I'm new to this site so please bear with me. I recently installed a Garrison Keyless Entry Deadbolt Lock for the front door of my house. The lock works if I turn it manually, meaning if I use a key from the outside or the switch on the inside of the house. If I try to unlock the door using the code, it will try to turn but is unable to do so. It seems to be jammed in some sense. The code I am using is 100% for sure working because I see a green light and it is in fact trying to turn. I can lock the door electronically however. Why can I only unlock the door manually and not electronically. Please help. It kinda defeats the whole purpose of a keyless entry lock if I have to use a key.


----------



## TheBobmanNH (Oct 23, 2012)

Did you try contacting the company that makes the thing? It's possibly defective. Not sure how strong the little motor is that unlocks, is it possible there's a little too much friction on the bolt so the motor can't overcome it when unlocking?


----------



## stuntwei (Jan 20, 2014)

By recently, I mean a few hours ago so I have not contacted the company yet. If it is friction, how can I fix it? I don't think WD40 will do it. There doesn't seem to be that much friction when I open it manually. Hmm...


----------



## gregzoll (Dec 25, 2006)

stuntwei said:


> By recently, I mean a few hours ago so I have not contacted the company yet. If it is friction, how can I fix it? I don't think WD40 will do it. There doesn't seem to be that much friction when I open it manually. Hmm...

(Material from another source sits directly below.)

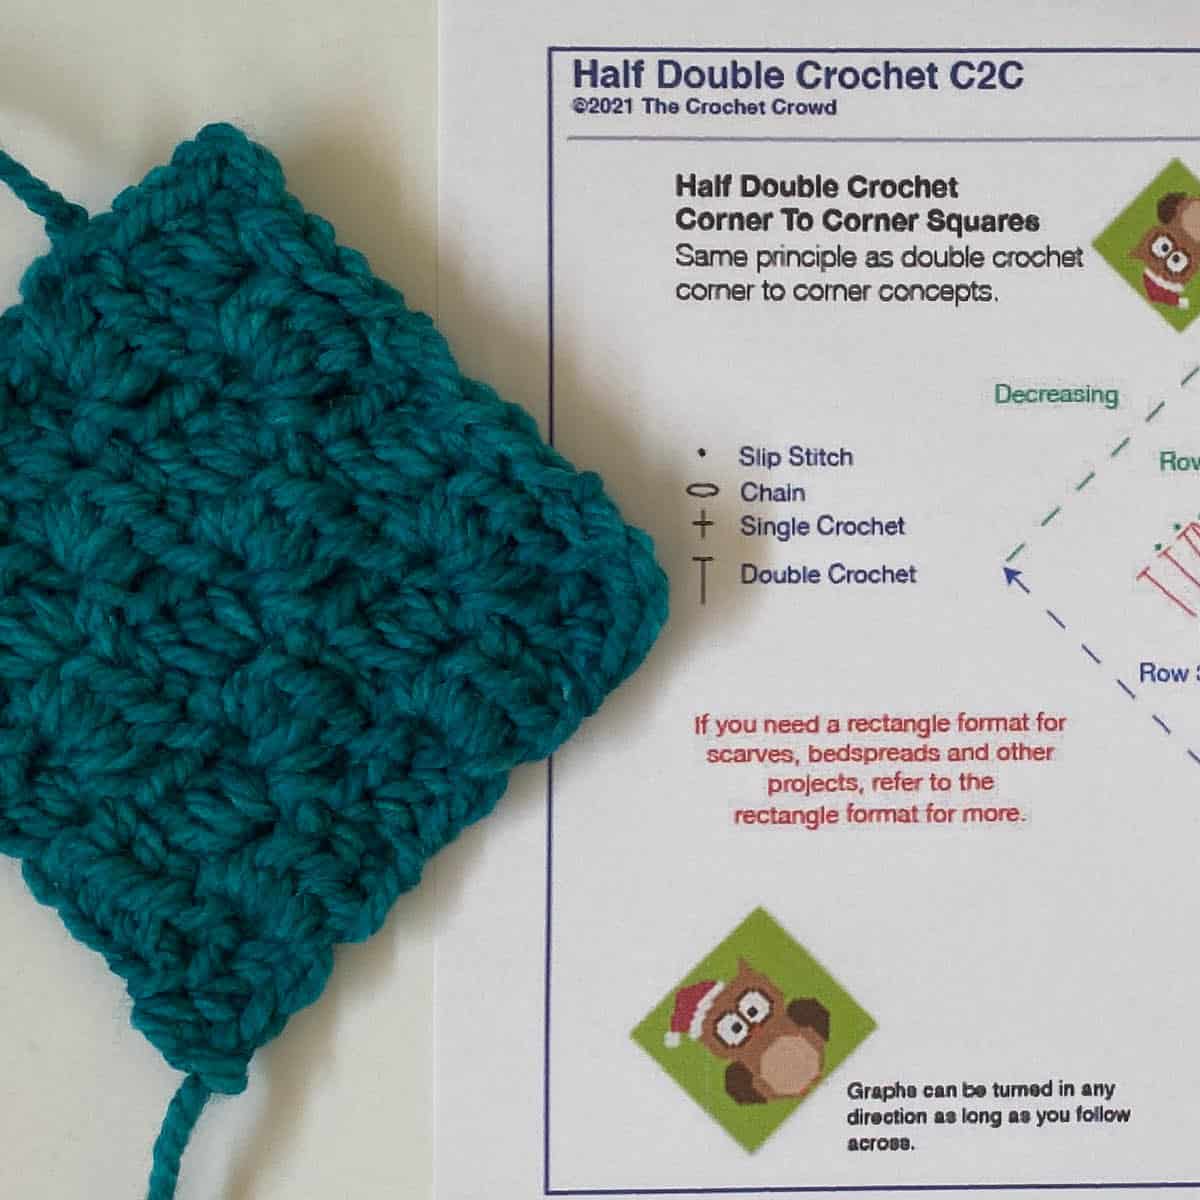 How to Corner to Corner Crochet (C2C) for Beginners + Patterns

Could be that the striker plate for the Deadbolt, is set in a way that the bolt catches on it, causing the motor to not push it all the way out.

You are going to have to check to see if the bolt is catching on the Striker plate, and either file the edge to allow the bolt to pass through freely, or pull the plate, put Bondo in the hole, let the filler dry, then cut in a new hole for the bolt to go into.


----------



## stuntwei (Jan 20, 2014)

Could that still apply to when the bolt is going back into the door (unlocking). I would have thought that it can only catch on the way out (locking) since it is smooth going back inside.


----------



## gregzoll (Dec 25, 2006)

stuntwei said:


> Could that still apply to when the bolt is going back into the door (unlocking). I would have thought that it can only catch on the way out (locking) since it is smooth going back inside.

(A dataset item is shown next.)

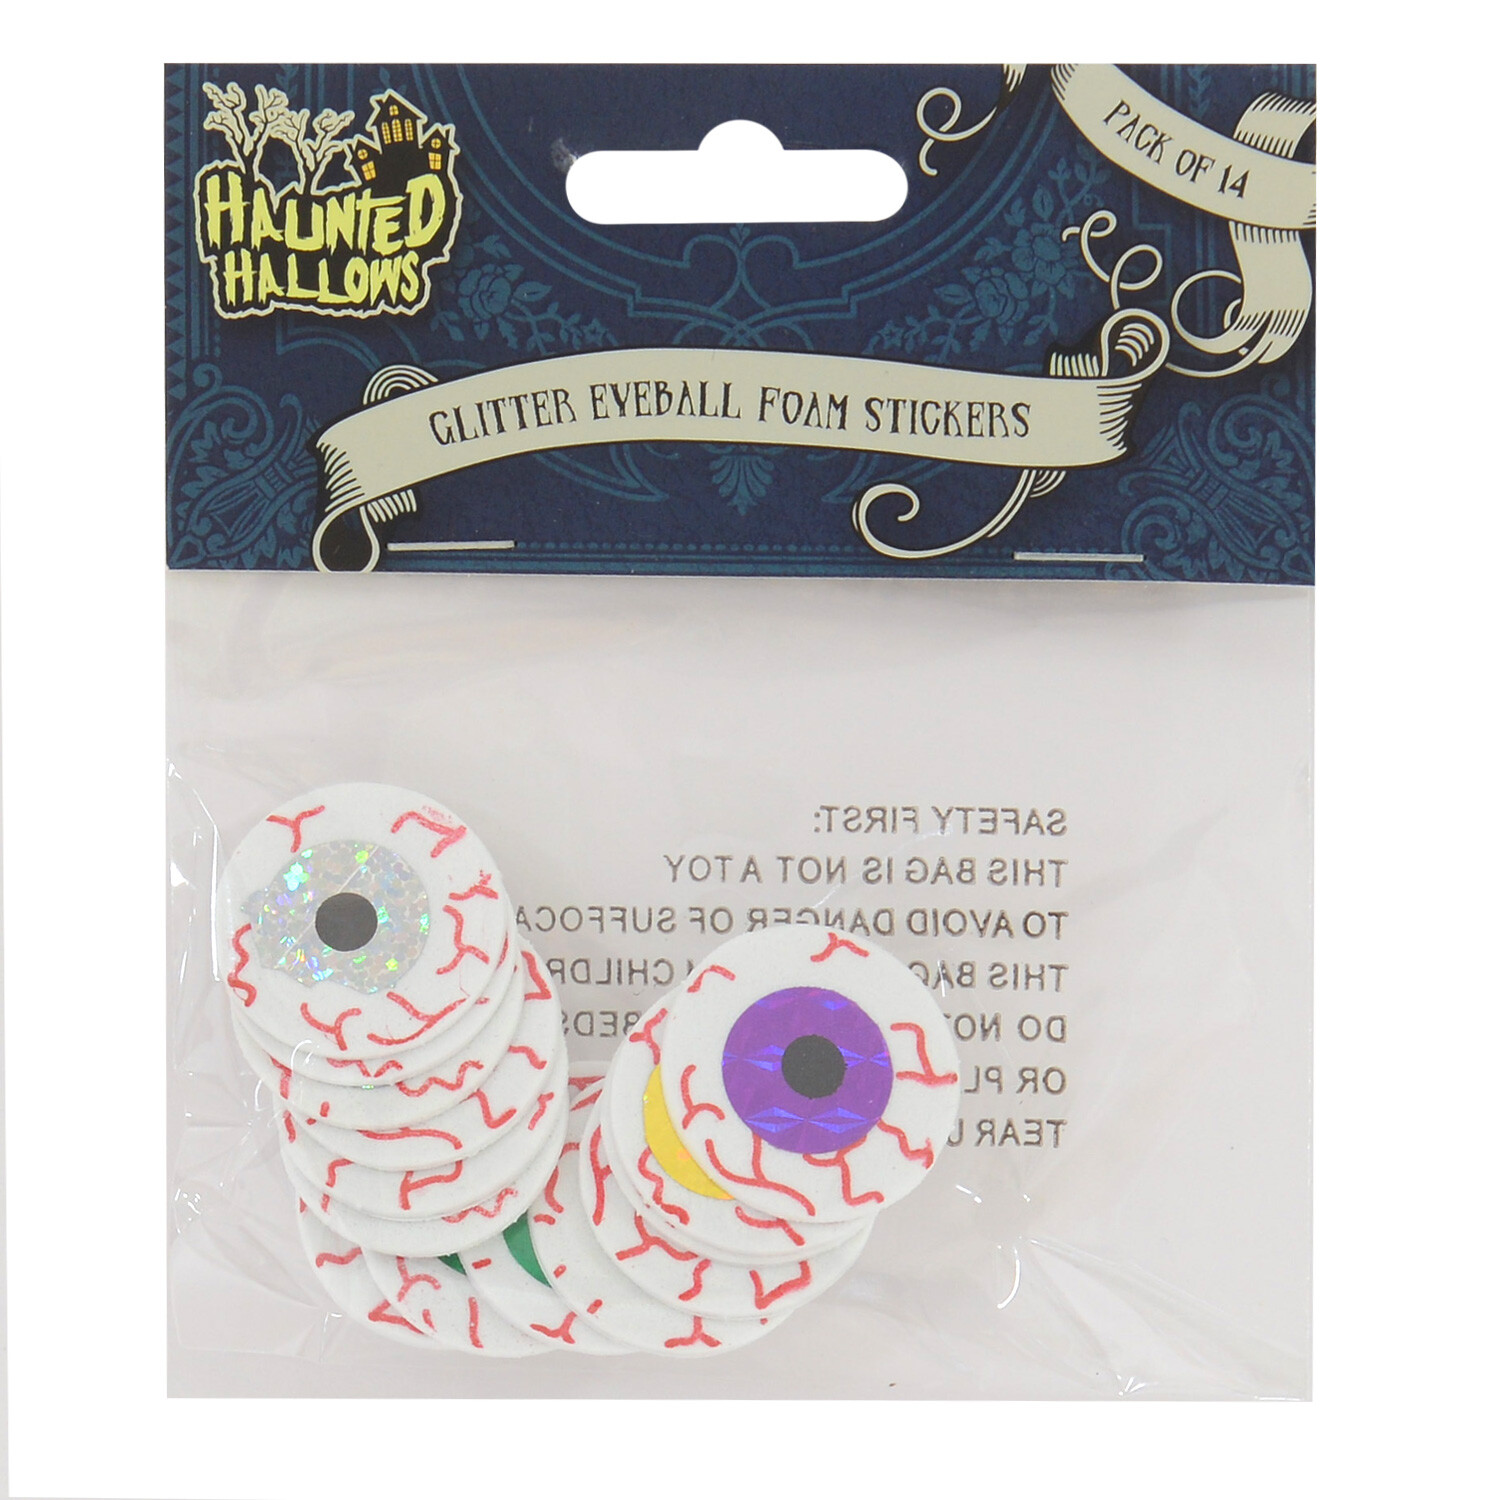 Glitter Eyeball Foam Stickers Image

Yes, if it was pushed outwards. You have to have a clean throw for the deadbolt to go into the hole of the striker plate.

If the plate is not in the right place, the bolt will catch or drag, so you usually have to pull or push on the door, to get the bolt to go into the striker hole cleanly.


----------



## stuntwei (Jan 20, 2014)

Hmm, i'll have to look into it then. On a warmer day though. It was really cold today. Froze my hands lol.


----------



## gregzoll (Dec 25, 2006)

stuntwei said:


> Hmm, i'll have to look into it then. On a warmer day though. It was really cold today. Froze my hands lol.


If it has been sub-freezing temps, it can cause issues also, if there is no Storm door, or the storm door leaks too much air, causing a thermal difference between it and the main door.

I ended up just using a couple of files, from a set that I picked up at the local Harbor Freight. Took enough of the metal off of my Striker Plate, that the Dead bolt throws cleanly into the opening. Unless they drill the hole in the jamb for the Dead bolt, you always end up doing it yourself, and usually it is not perfect.

Also on another note, use 2 1/2" or 3" screws on the hinges and the striker plates. Makes it harder for someone to kick in the door.


----------